Oliviera said that the jail does not rehabilitate people and that the grievance-filing system does not work.

She told The Current that, while campaigning, many people “agree with what I’m saying, as far as the leadership not changing nothing over the past 20 years that’s really uplifting the people. They’re tired of the family ties — like, a lot of people, before I can even say it, they’re like, ‘You need to focus on breaking these family ties,’ because it is like that. They only help people in their own groups.”

Oliviera said the established politicians “give you the runaround” when you ask them about those family ties, or why they might work in one jurisdiction and serve as an elected official for another jurisdiction. She also said “regular citizens” can’t get appointed to boards because the powers that be “already know who they want to give it to, “and we never really get the chance to use our voice to really help the community. It’s always just the same thing.”

She said that small-town politics means some people “don’t want to be open about who they’re voting for. They know how those people are, like they retaliate. Your whole reputation will be ended if you go against them. Now you can’t go to no more family barbecues, none of that no more. For real! It’s sad, but we’re trying to let them know it’s time out for all of that…family or not.”

Oliviera remains optimistic about her chances in the race.

“I think it’s gonna be a good turnout this time,” she told The Current. “A lot of people that they think aren’t gonna vote, they’re gonna vote this time. The community really wanted change and [is] really stepping up.”

Commission District 4 (Republican primary)

Two Republican challengers, Kevin “Remy” Remillard and Timmy Blount, are on the primary ballot. Whoever wins will take on Democratic incumbent Maxie Jones IV in the November runoff. 

Kevin “Remy” Remillard

Kevin Remillard, Republican candidate for Liberty County Commission District 4
Kevin Remillard, Republican candidate for Liberty County Commission District 4 Credit: Robin Kemp/The Current GA

Kevin Remillard, a business owner and retired Hinesville Police officer, says the county needs more sheriff’s deputies on the road.
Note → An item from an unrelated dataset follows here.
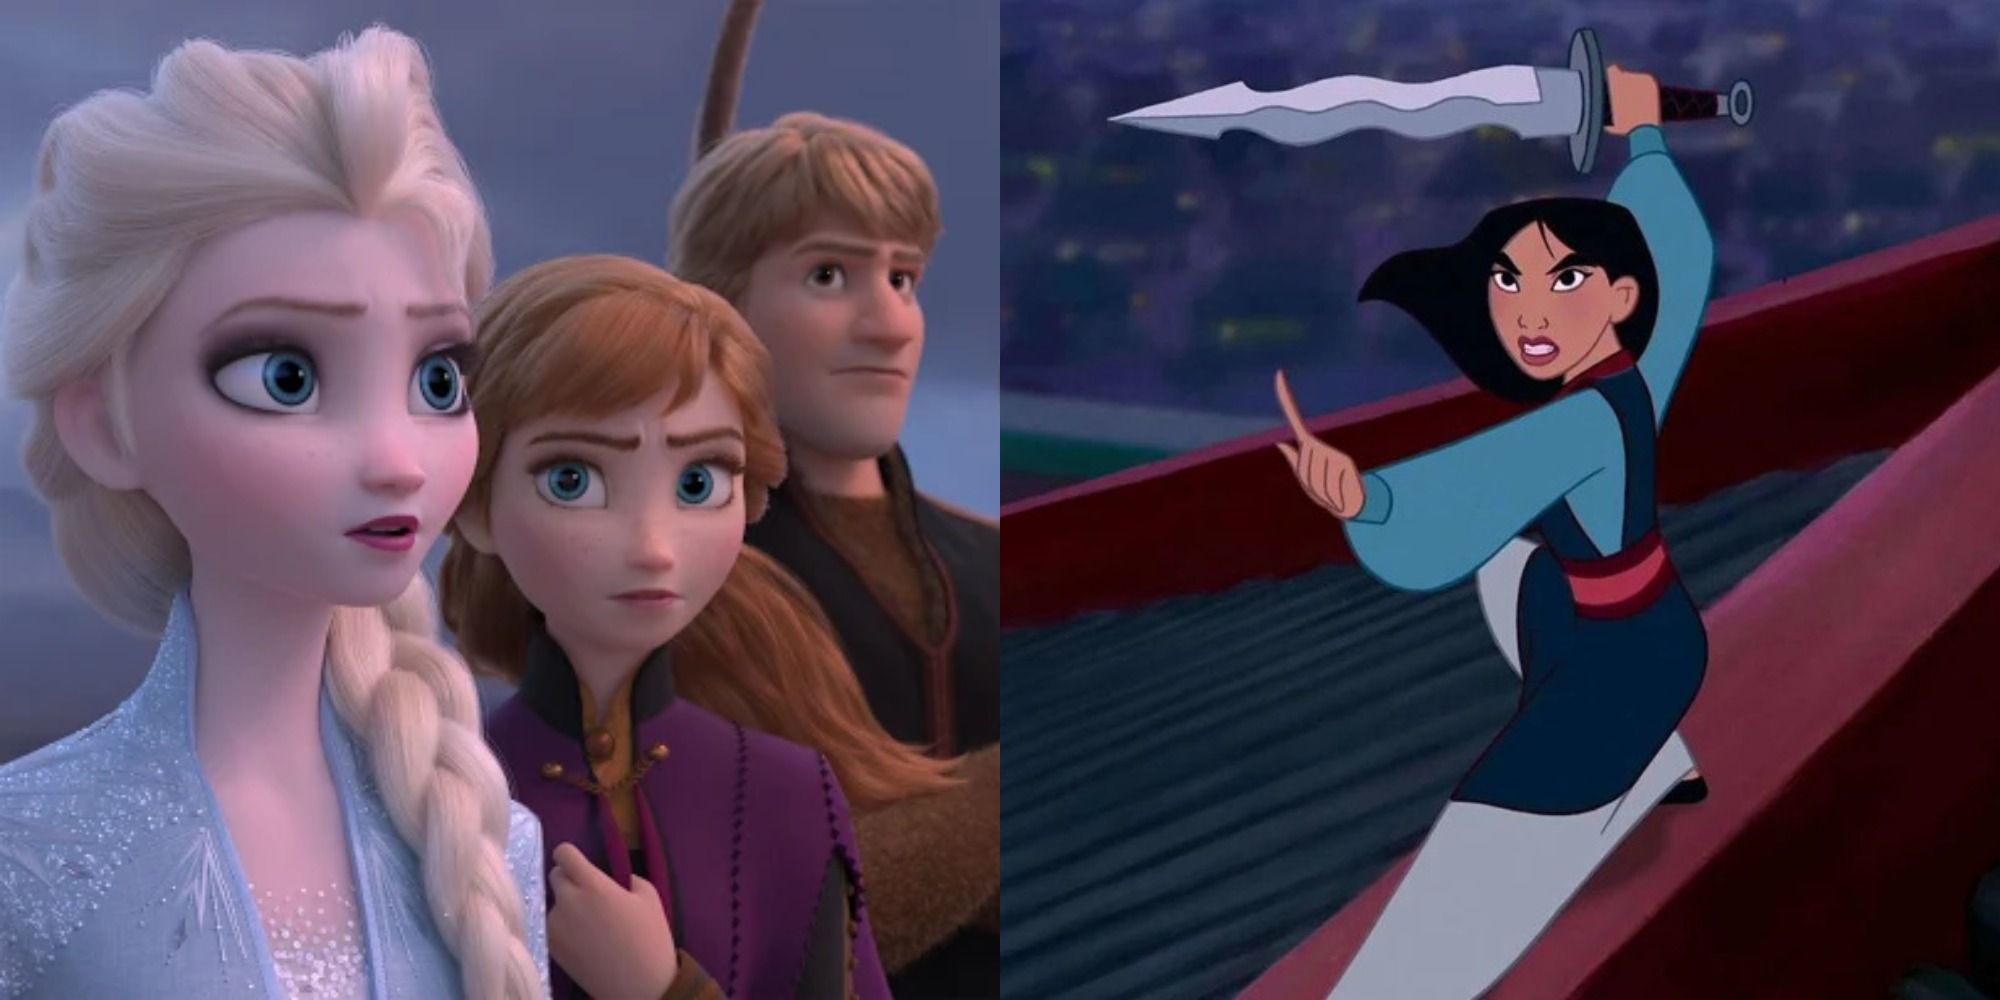 Split image depicting Elsa, Anna, and Kristoff in Frozen II, and Mulan holding a sword in the original 1998 film

He also says the county needs to address proper drainage, pave dirt roads, and improve county recreation facilities. Remillard says the county has to trim its budget and he opposes the recent property tax increase.
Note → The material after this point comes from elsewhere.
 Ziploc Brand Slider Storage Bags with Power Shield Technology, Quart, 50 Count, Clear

“We have high taxes and we have low quality of life within having high taxes,” Remillard said at the Riceboro NAACP candidate forum. “And it doesn’t take a rocket scientist to go over to Long County, go over to Bryan County, and look at the rec departments, and understand that their parks are all beautiful, while our parks are in shambles.”

Remillard says the public needs to see where their tax dollars are going.

Timmy Blount 

Timmy Blount, Republican candidate for Liberty County Commission District 4.
Timmy Blount, Republican candidate for Liberty County Commission District 4. Credit: Timmy Blount/Facebook

Timmy Blount says the county’s development is out of control. In particular, he says, the county should not keep giving warehouses tax exemptions as incentives to build here. Blount told the Coastal Courier, “Liberty County should stop the warehouses from building. If Liberty County is going to allow warehouse development, then they should be taxed and not waivered for 10 years.” 

He also says the county is allowing too many homes too close together in new subdivisions and is calling for a limit of two homes per acre.

Commission District 6 (Democratic primary)

Two Democratic candidates, incumbent Commissioner Eddie J,. Walden and challenger McKesson Stafford, are battling for the District 6 commission seat. Whoever wins the primary will win that seat.

Eddie J. Walden

Liberty County District 6 Commissioner and Democratic incumbent Eddie J. Walden.
Liberty County District 6 Commissioner and Democratic incumbent Eddie J. Walden. Credit: Robin Kemp/The Current GA

Incumbent Eddie J. Walden says he won’t apologize for backing industrial growth in the county, but he also says he doesn’t like smokestacks. Although the nearby Hyundai Metaplant and other EV-related businesses are coming, Walden said he wasn’t sure whether an electric car tenant was coming. Last year, Seohan, a Korean auto parts manufacturer, announced it would build a $72 million plant at Tradeport East, and the company has had a presence in a mobile building on the campus.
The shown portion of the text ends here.